▶ Task to carry out: Down to the last line, print the data that follows exactly, without its pictures.

▶ Recorded data:
------------------------------------

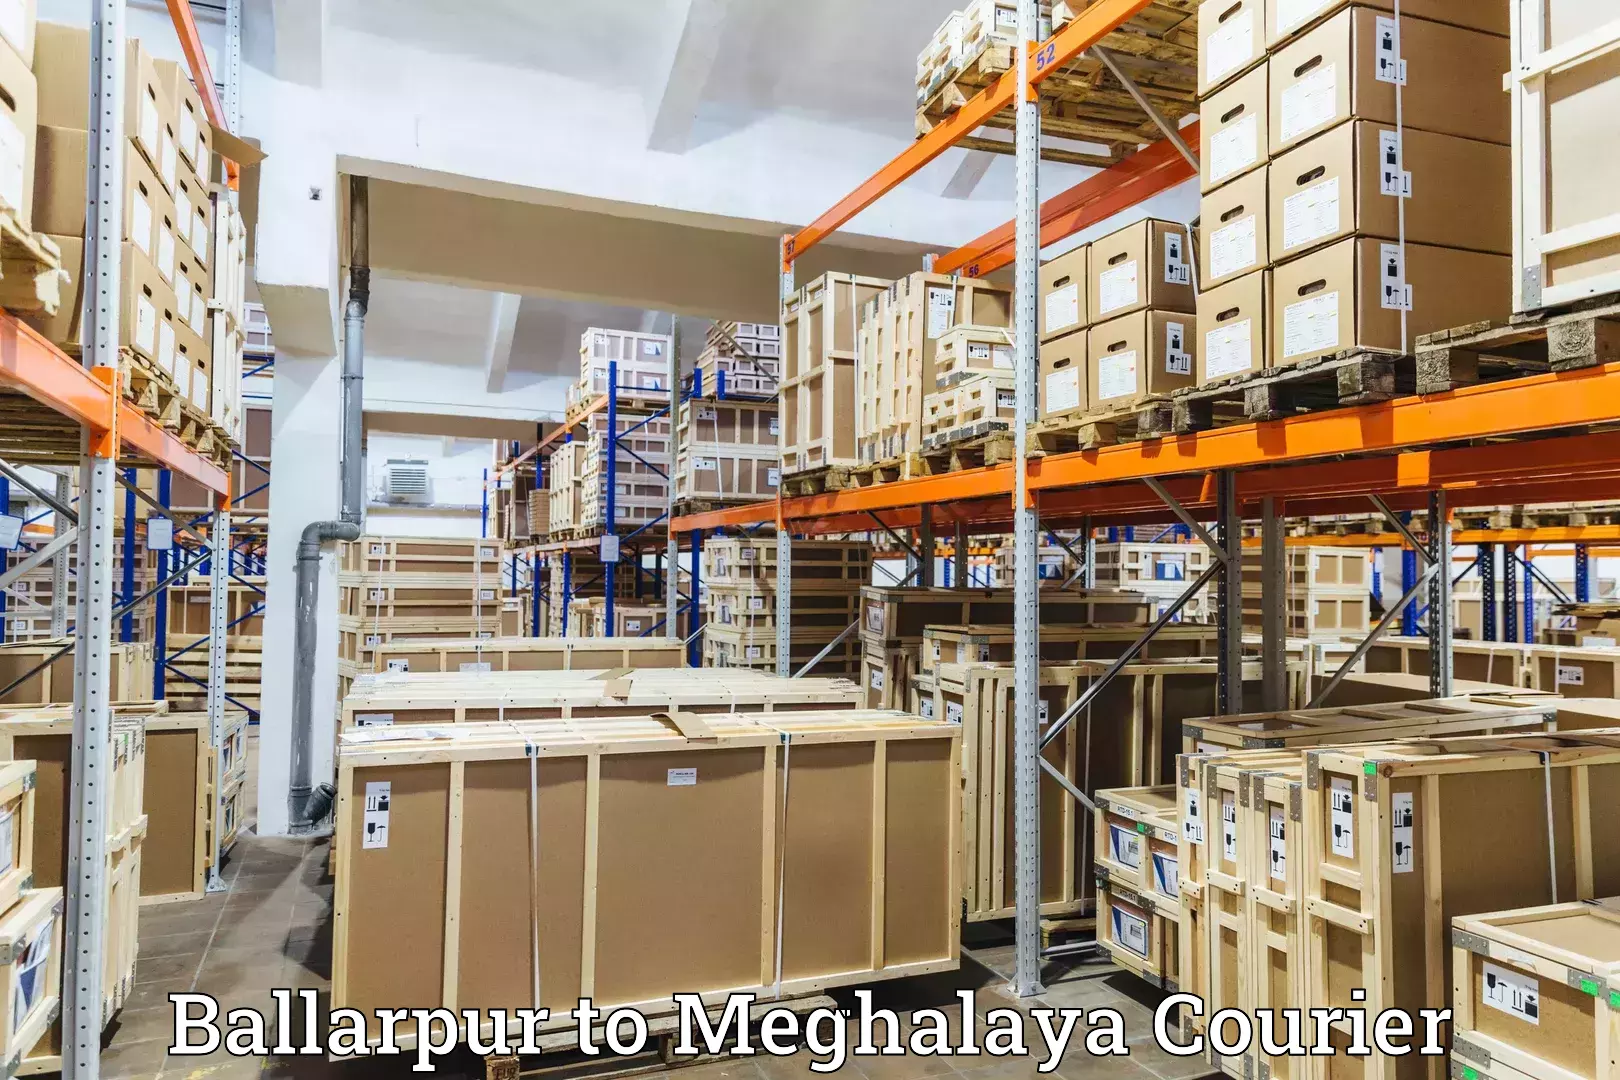 Residential courier service Ballarpur to Shillong
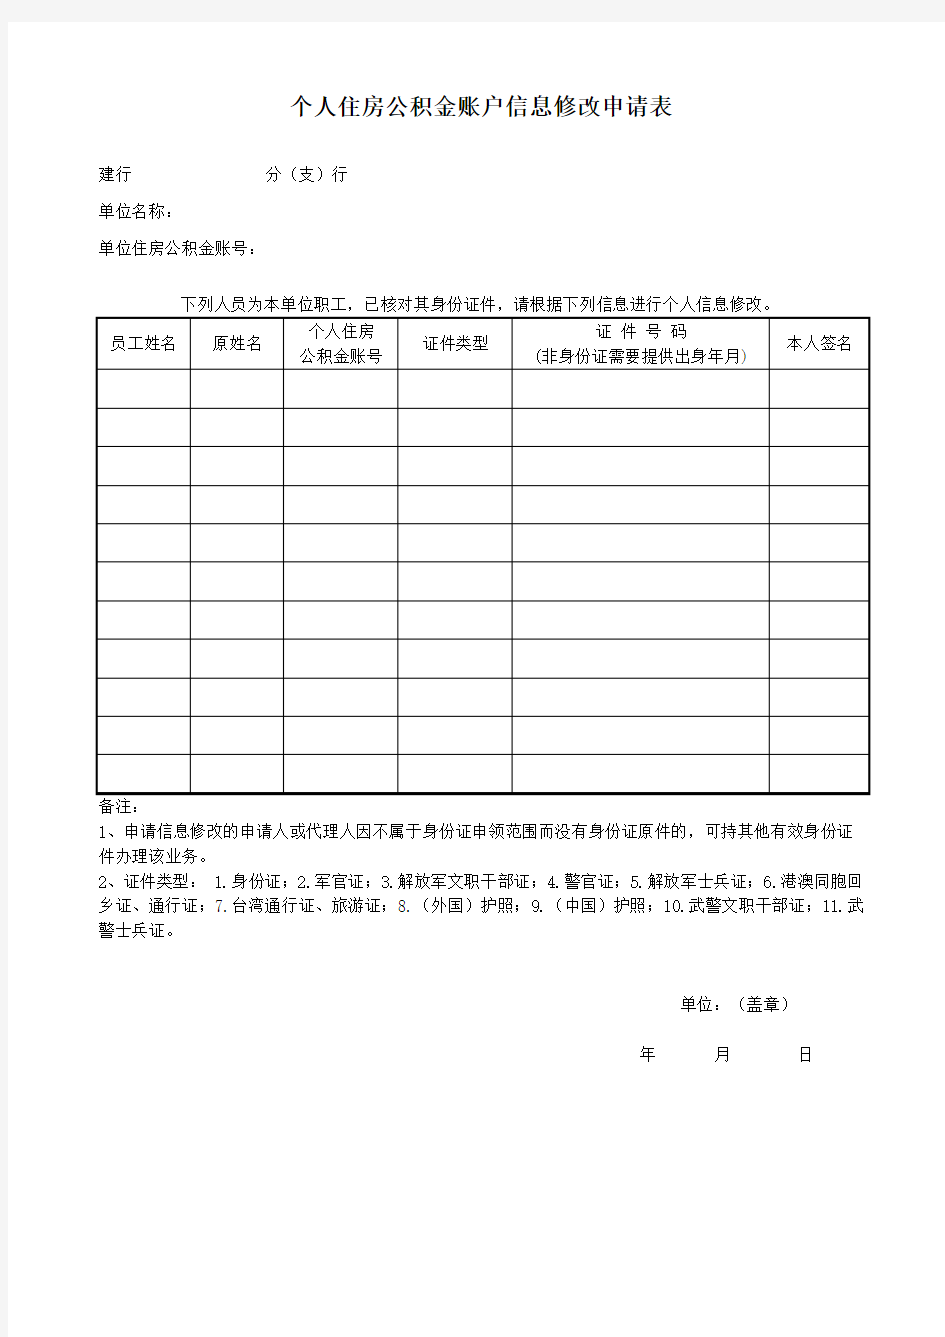 上海市个人住房公积金账户信息修改申请表
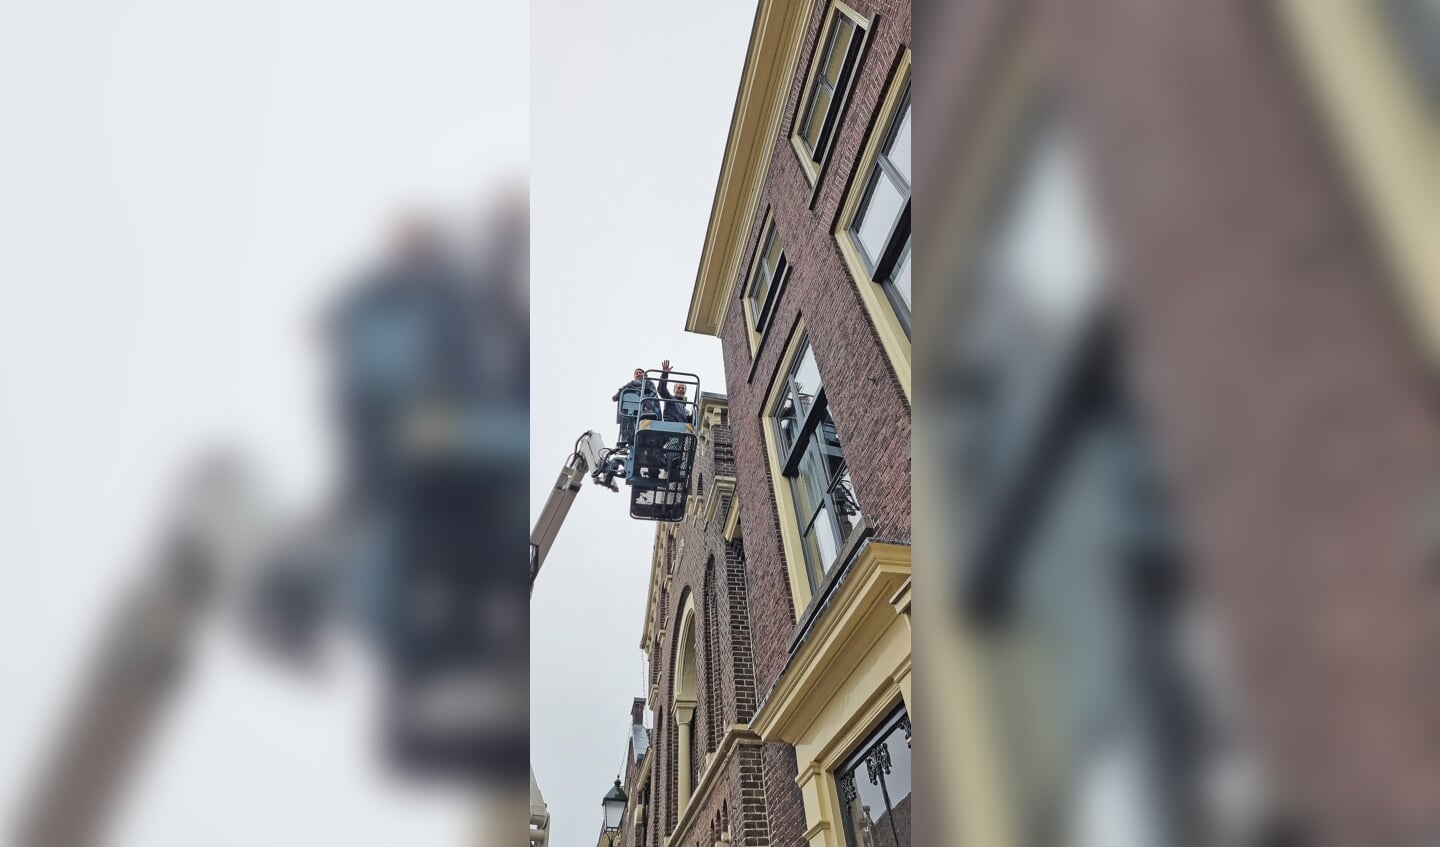 De hoogwerker moest eraan te pas komenom de verlichting aan de geveltjesin de Leeuweringerstraat te hangen.

------------------------------------

▶ Task output:
 Residential courier service Ballarpur to Shillong
 上海市个人住房公积金账户信息修改申请表
 De hoogwerker moest eraan te pas komenom de verlichting aan de geveltjesin de Leeuweringerstraat te hangen.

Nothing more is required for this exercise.